**TASK TO COMPLETE:** Give the data again word for word; drop the pictures.

**DATA EXCERPT:**
---+---
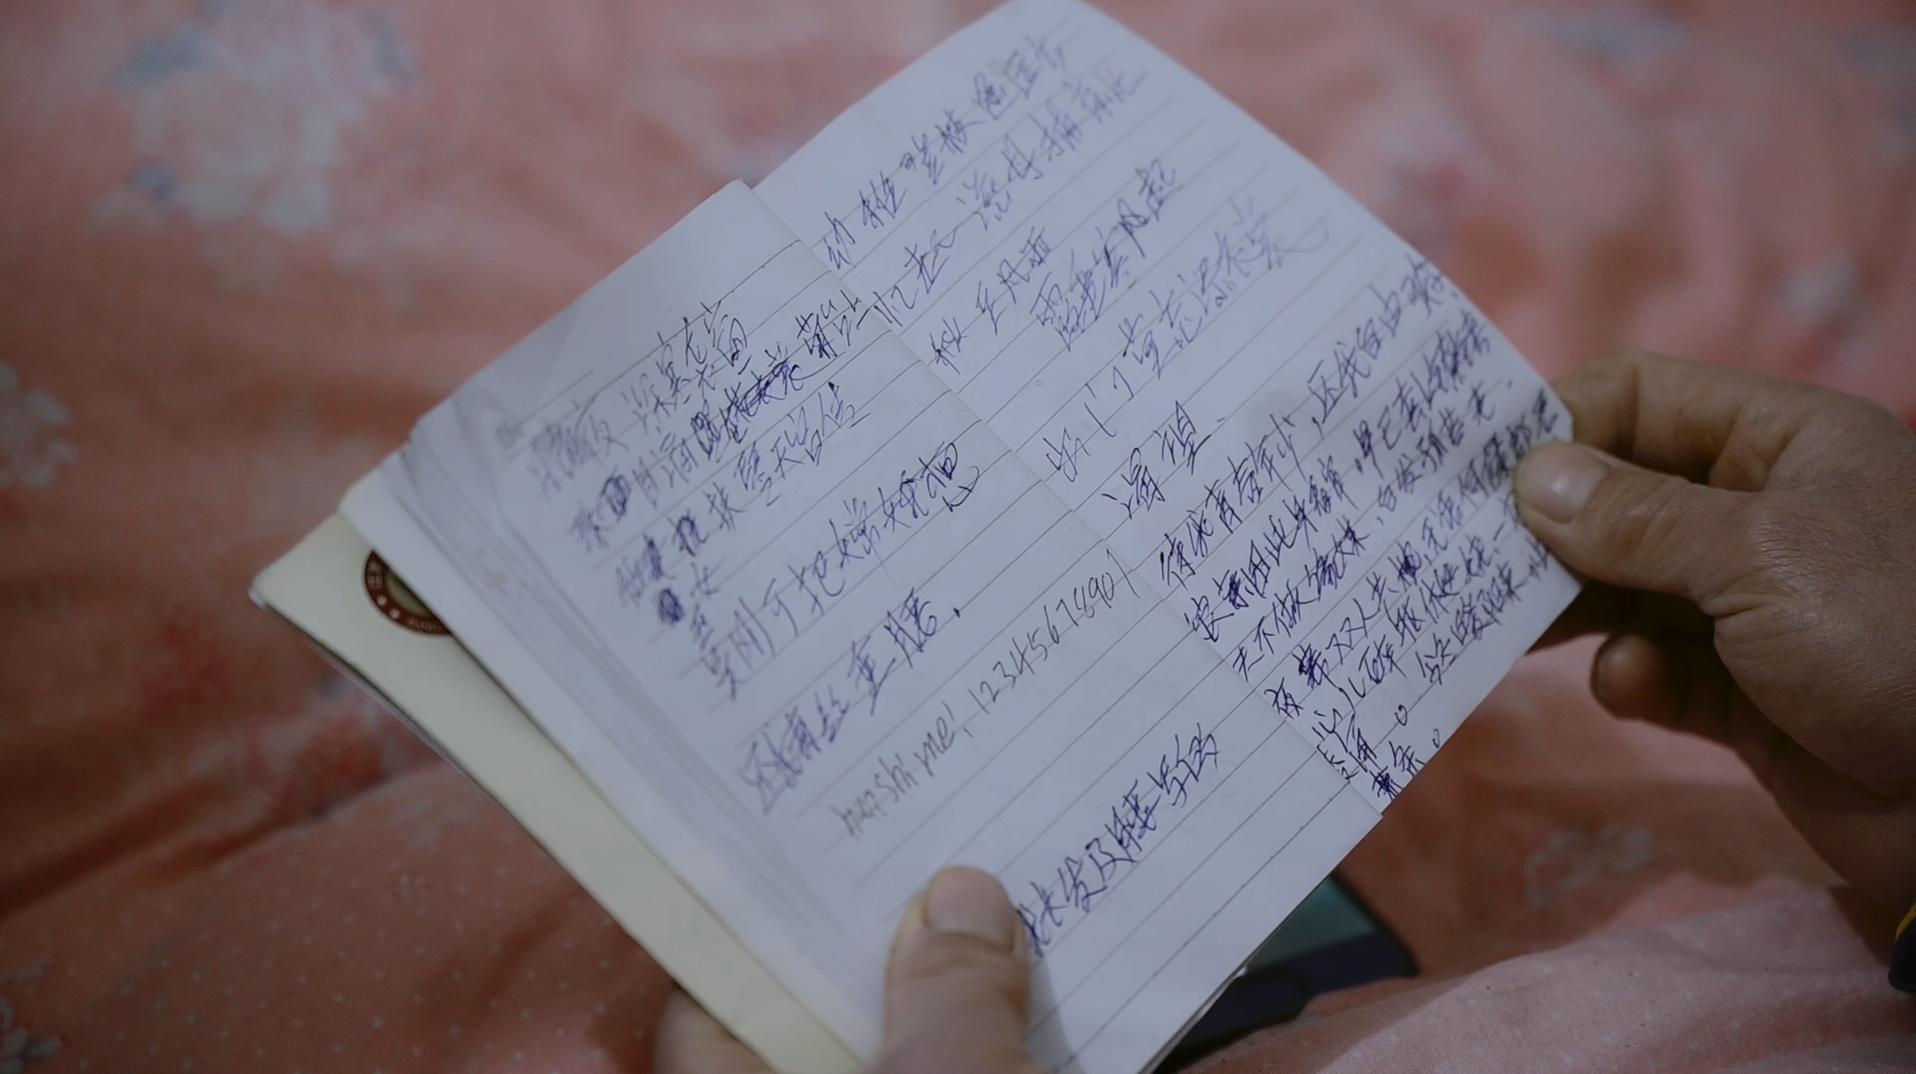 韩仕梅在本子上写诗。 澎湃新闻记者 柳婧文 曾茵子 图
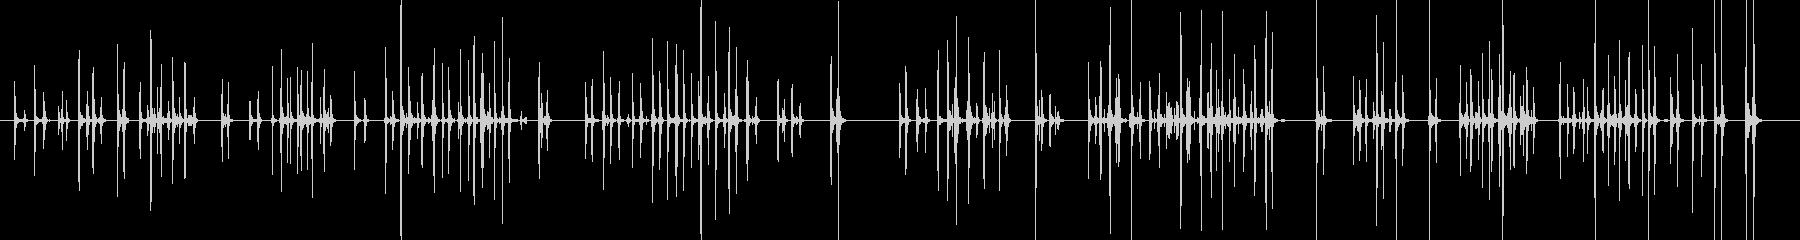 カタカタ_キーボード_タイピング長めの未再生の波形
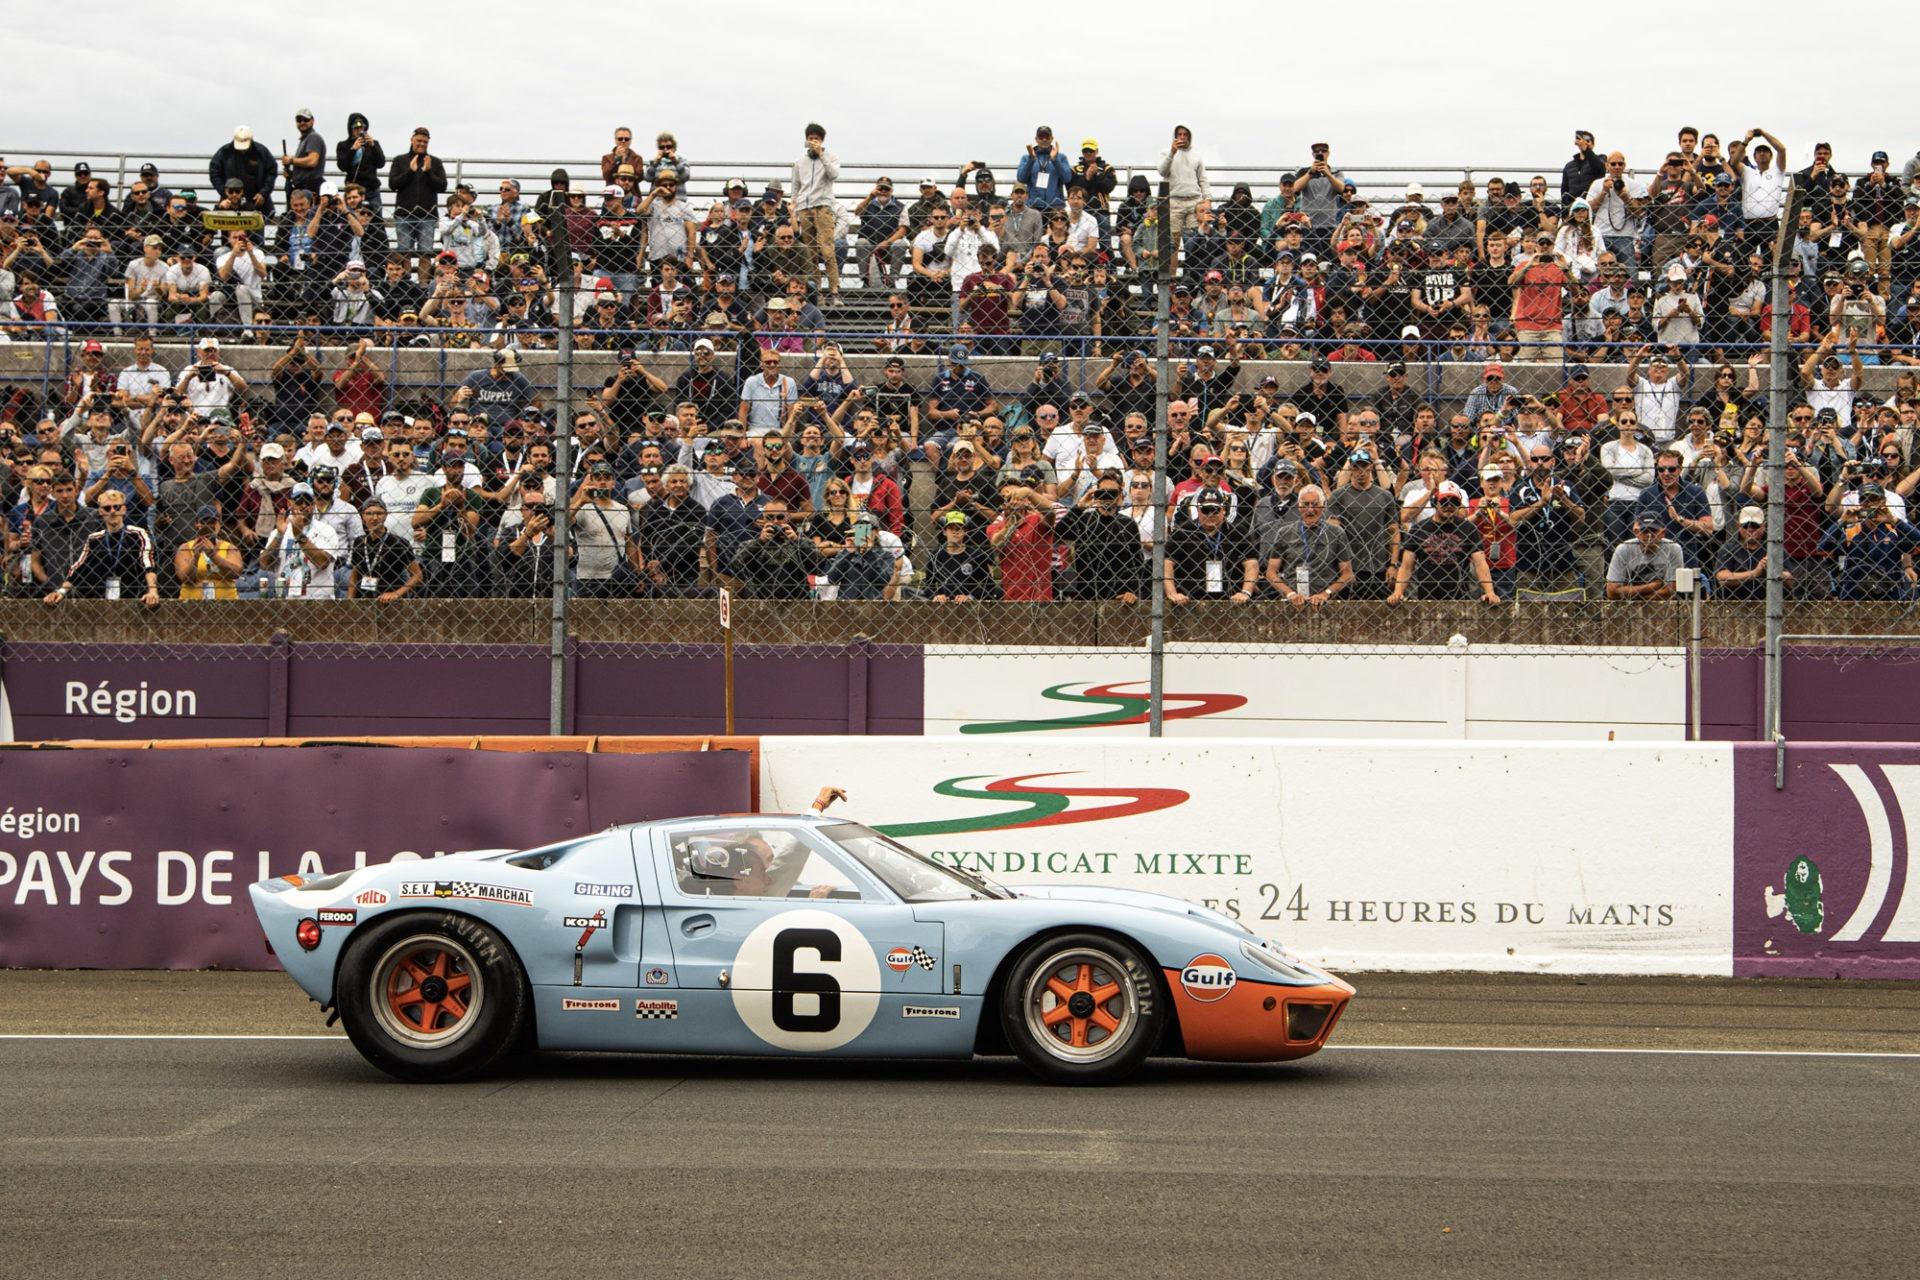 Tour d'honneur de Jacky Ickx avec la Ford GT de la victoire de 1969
---+---
**SOLVED PROBLEM:**
 韩仕梅在本子上写诗。 澎湃新闻记者 柳婧文 曾茵子 图
 カタカタ_キーボード_タイピング長めの未再生の波形
 Tour d'honneur de Jacky Ickx avec la Ford GT de la victoire de 1969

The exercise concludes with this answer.